I'm mainly just curious, but I was tossing around the idea of just trimming face, feet and sanitary and leaving the rest to grow out.
I'm new to poodles, so I really have no idea. Would it grow to the ground? LOL


----------



## plumcrazy

It's like human hair... it keeps growing until you cut it!  I was SOOOO ready to have Lucybug's jacket and bracelets trimmed up after growing for about 6 months... You may change your mind once you let it start to grow! :lol:


----------



## pudlemom

Like Plum said it will keep growing till you cut the ground and beyond,if you would like to try this I would suggest trying it after coat change so you don't have to deal with the mats it can be very time consuming try to keep the mats out during coat change but they sure do look pretty in a long coat!


----------



## lavillerose

_Technically_, yeah, you could grow it very long. But, keep in mind what people who show poodles go through just to cultivate that coat: weekly bathing, drying and brushing (which on a Spoo takes several hours out of your weekend), banding and wrapping, not allowing the dog to swim, roll in grass or run through bushes, etc. All because the length you want needs to be babied, or it will break off. Poodle hair is surprisingly a bit delicate once it gets to those lengths. Most people give up before then. It's just a lot of work. And when it comes to puppy coat change, sometimes you don't get a choice, they mat up so fast.

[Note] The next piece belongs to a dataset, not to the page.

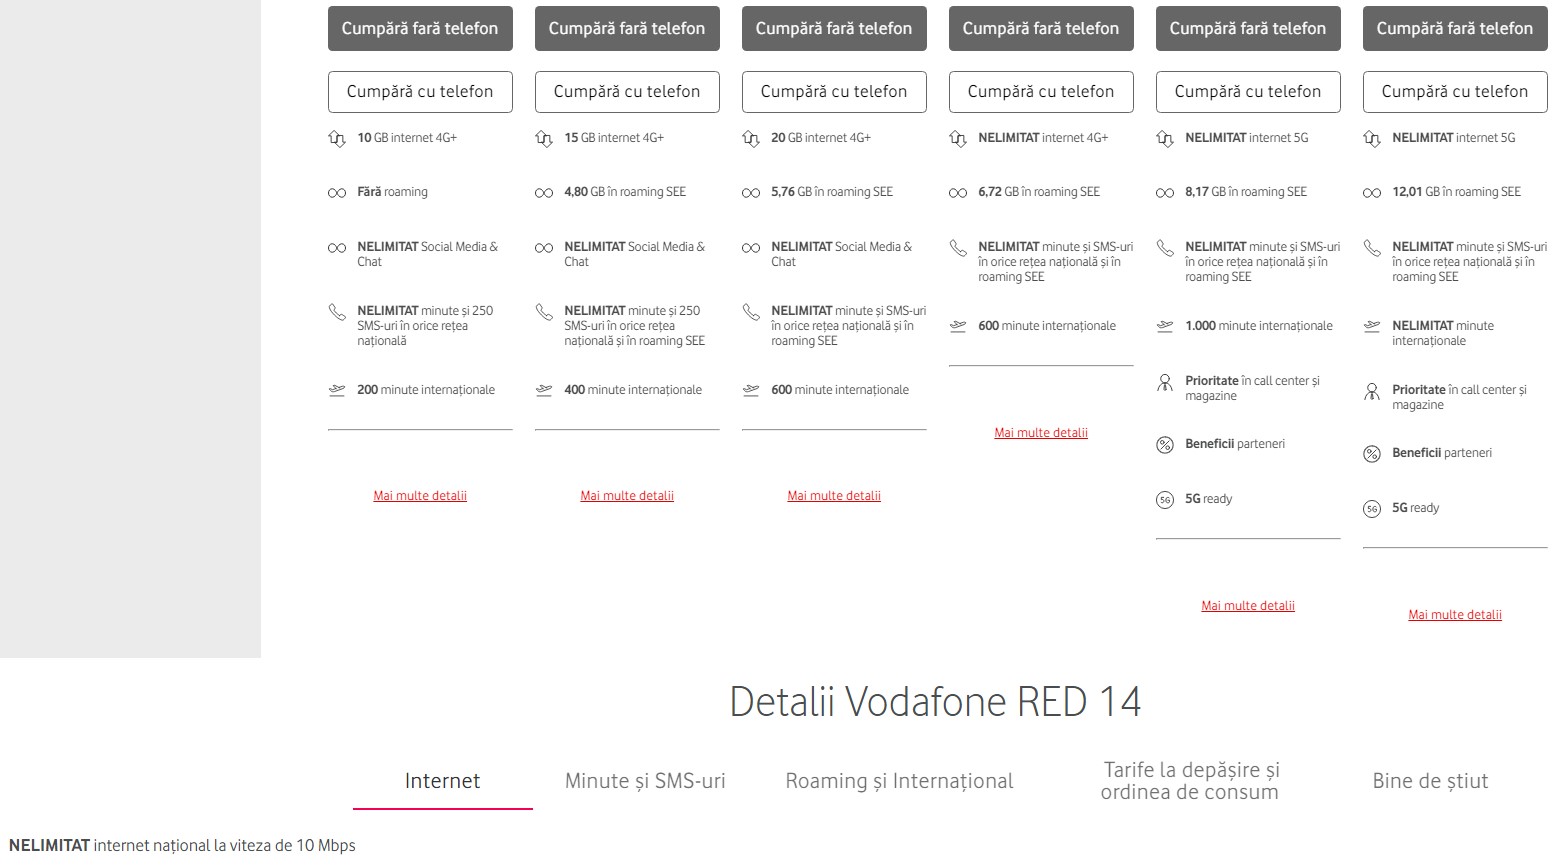 Vodafone limita internet ilimitado

Realistically, most _au naturale_ poodles reach between 4 - 8 inches, with a fair amount of breakage from typical doggy life. And honestly... it just doesn't look very good. It looks nice for about ten minutes after you brush it, but after that, it turns into a frizzy mess.


----------



## Cameo

so many of my new "puppy" clients want to let the hair grow out (poo's and other breeds) cause they look so darn cute with the fluffy puppy coat. While I appreciate their desires and agree how cute they look, I don't think it's realistic unless you have a ton of time to spend dedicated to coat maintence. We go over the best way to maintain it, best tools to use, and how to properly brush/comb out without damaging the coat, yet 100% of the clients change their mind within a couple of months because they just can't keep up with the care it takes to keep it looking good.


----------



## ambitious groomer

If you don't yet have a good groomer, start interviewing (ask for pics or to see other client dogs) groomers. If you are serious about growing a lot of coat its best to have your poodle at the groomers every 2 weeks for a maintenance (face, feet, sani, tail) and a groom every 2nd or 3rd time to keep the shape you're looking for. Your groomer should also be happy to teach you how to maintain the coat in between. They can teach you how to line brush your poodle to make sure you get every tangle. If you are seriously dedicated and willing to put in tons of work at home, you may not have to see your groomer so often but it'll make it sooo much easier to keep up with the length. You will also want to know what style you are going for and where you want the length and where you don't. I love the blended lamb cut for summer since you can keep lenth on the legs and top knot but short on the body or the continental since there is so much shaved but a lot of length still on top knot, jacket, and bracelets. Good luck and we'd love to see pics


----------